### What is being asked
Word for word, output the data, with none of its pictures.

### Data extract
= = = = = = =

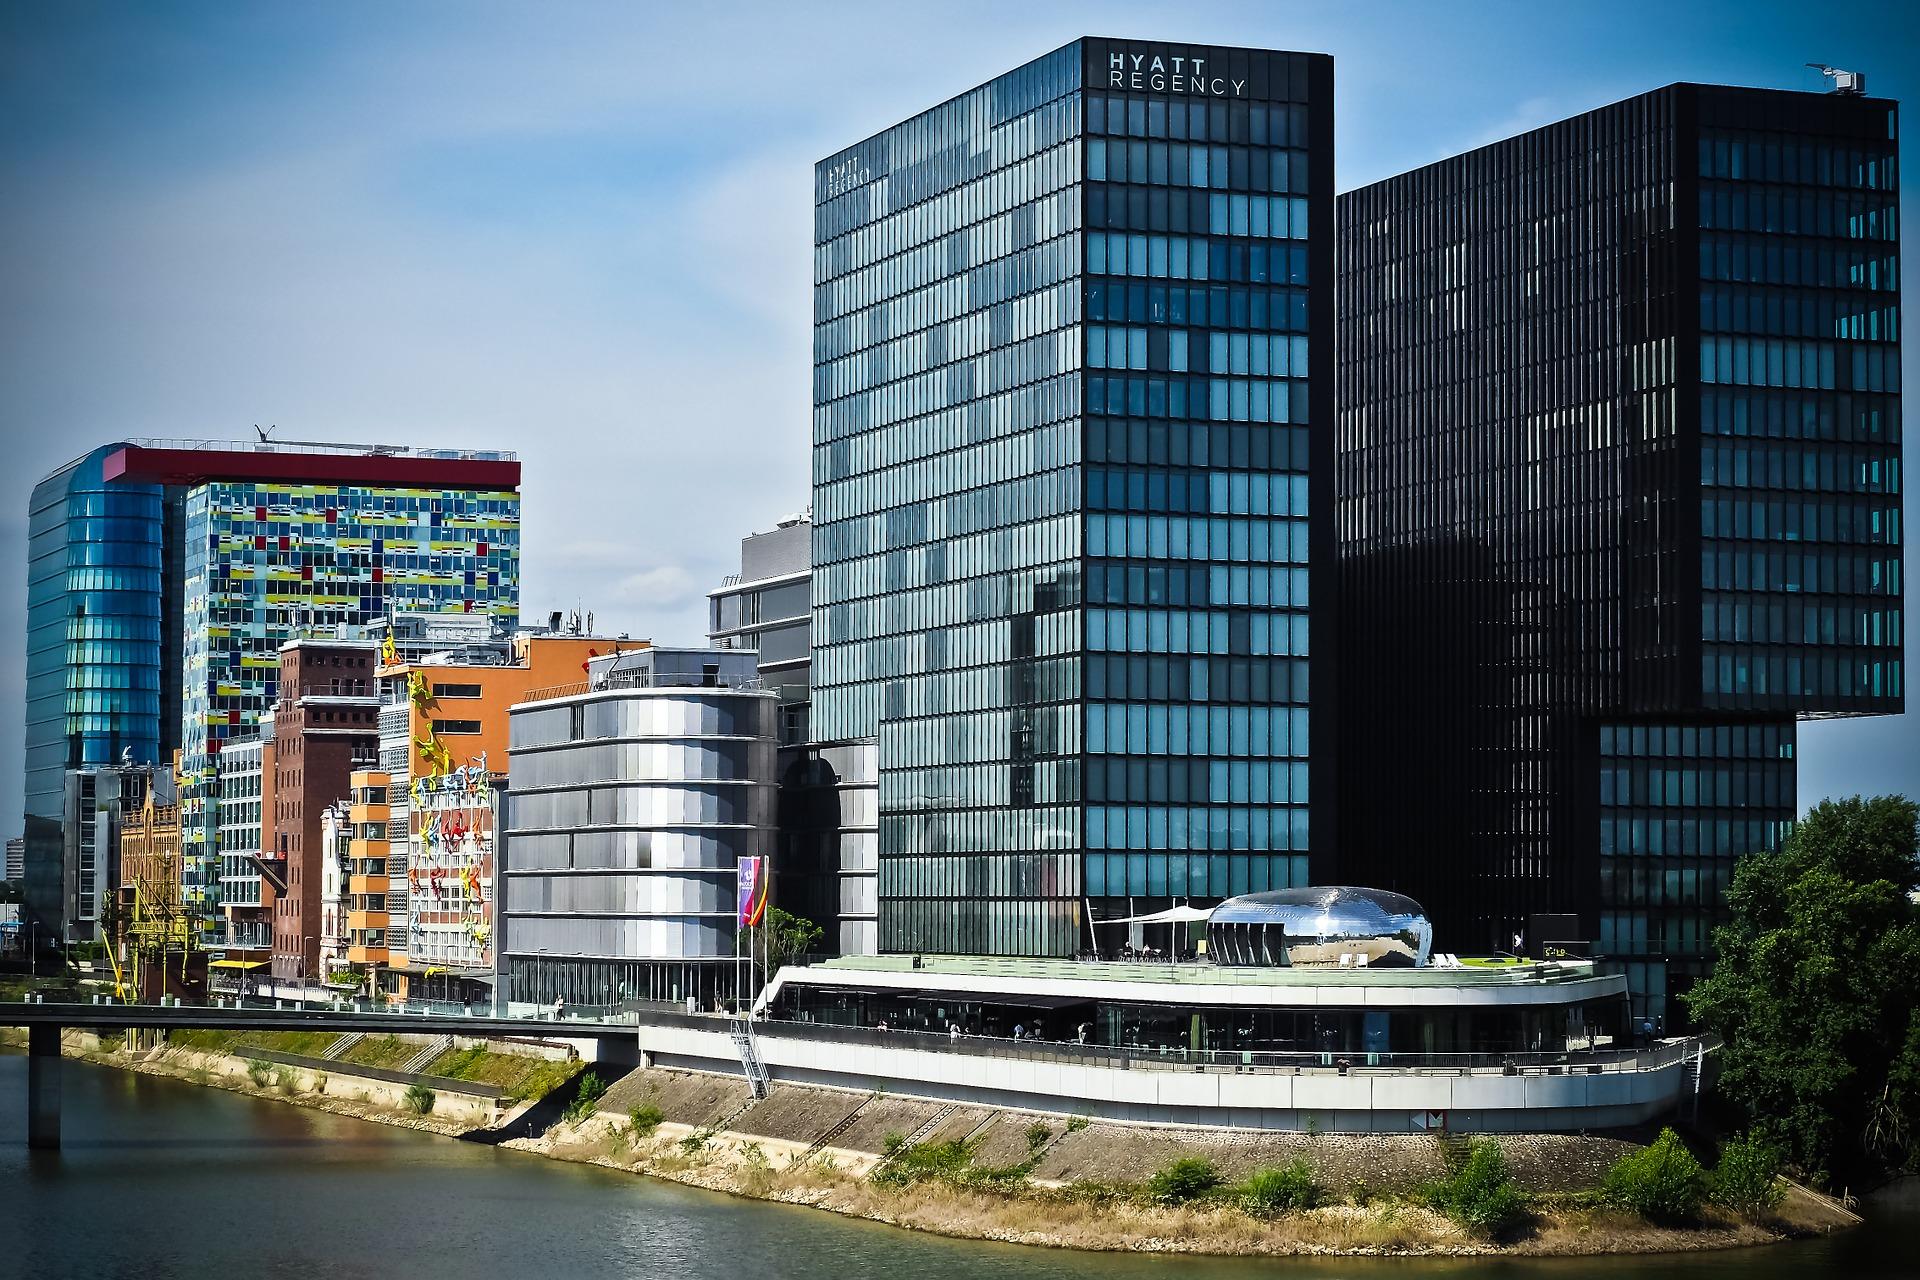 इमारतें, शहर, वास्तुकला, पोर्ट, डसेलडोर्फ - HD वॉलपेपर - प्रोफेसर-falken.com
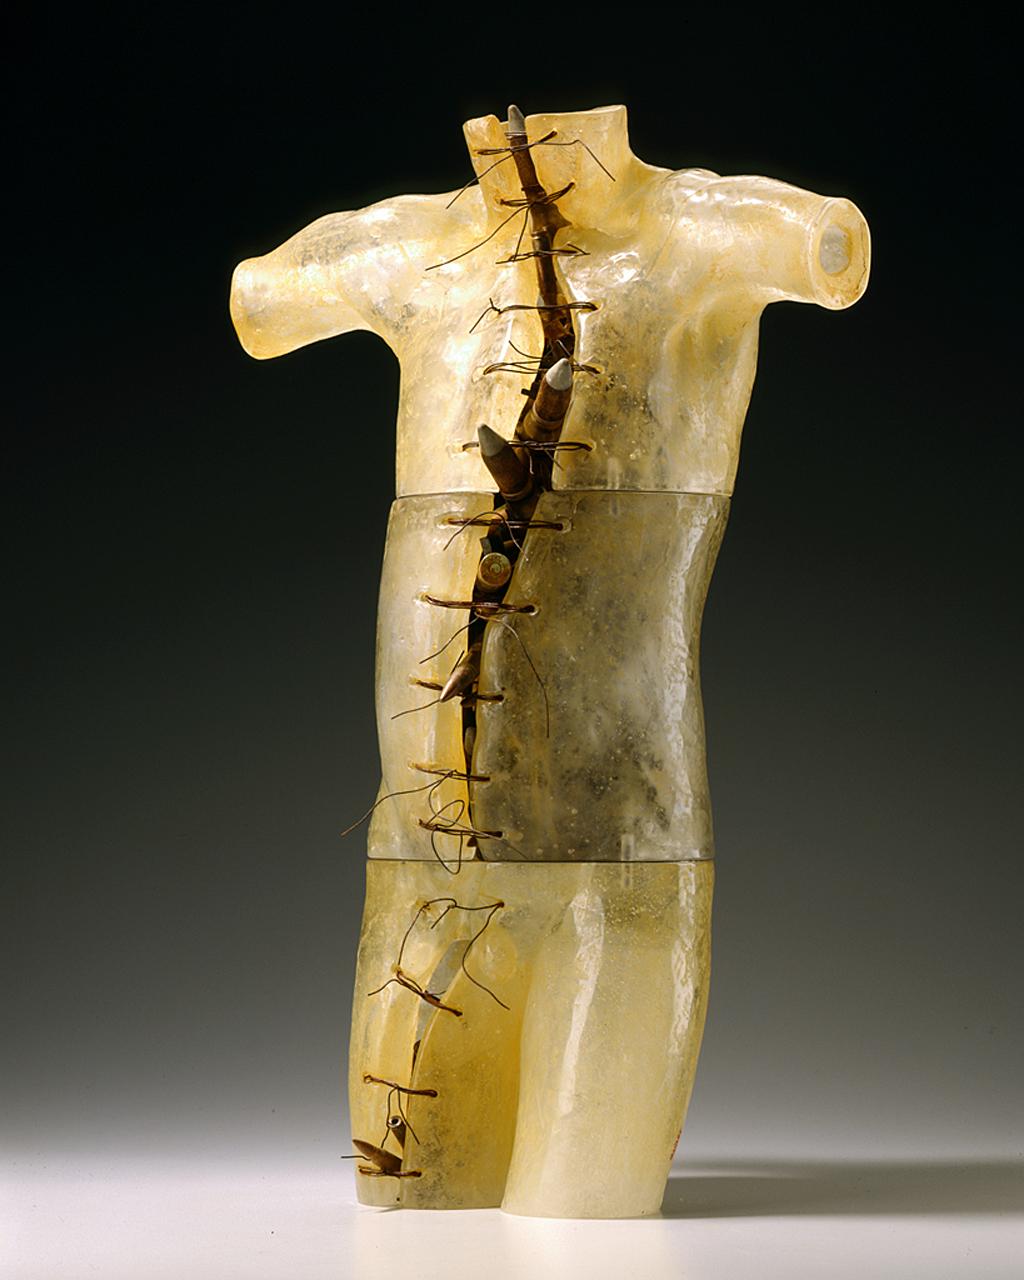 War Boy - Job No. 1, 2006: Clifford Rainey. Glass, inert ammunition, iron wire, oxides, pins, maple plinth. Photo: Lee Fatherree
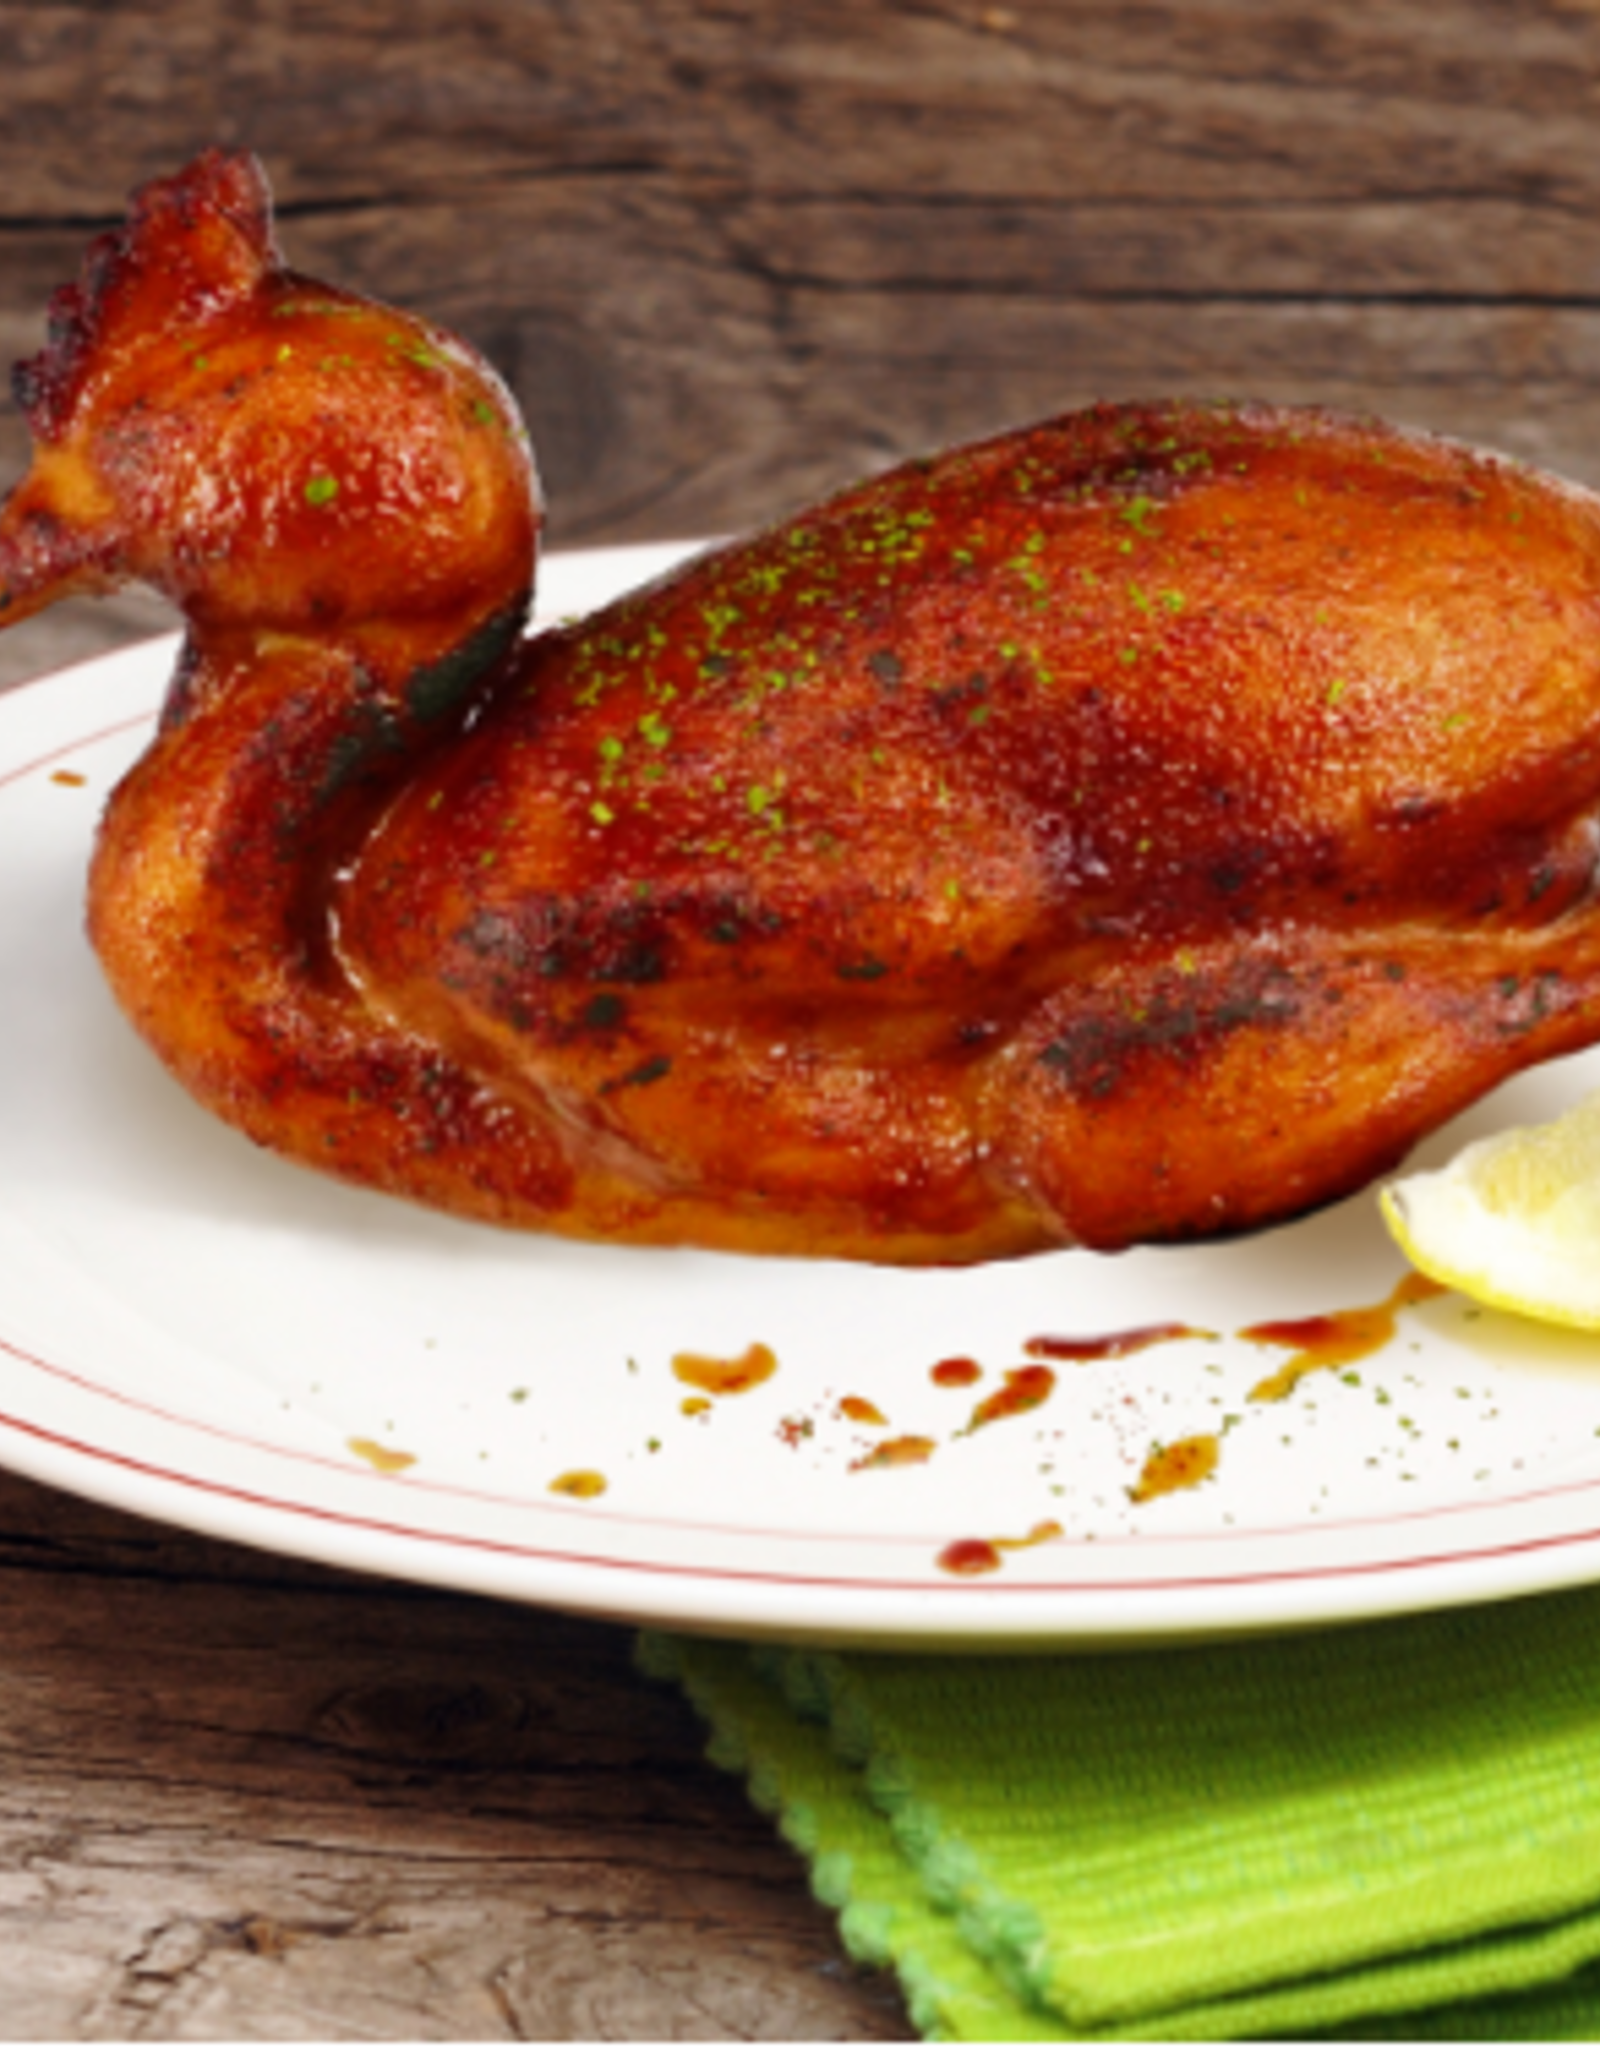 Vegefarm * 松珍 (VF) Vege Roasted Chicken*(松珍) 貴妃嫩雞

= = = = = = =

### Task output
 इमारतें, शहर, वास्तुकला, पोर्ट, डसेलडोर्फ - HD वॉलपेपर - प्रोफेसर-falken.com
 War Boy - Job No. 1, 2006: Clifford Rainey. Glass, inert ammunition, iron wire, oxides, pins, maple plinth. Photo: Lee Fatherree
 Vegefarm * 松珍 (VF) Vege Roasted Chicken*(松珍) 貴妃嫩雞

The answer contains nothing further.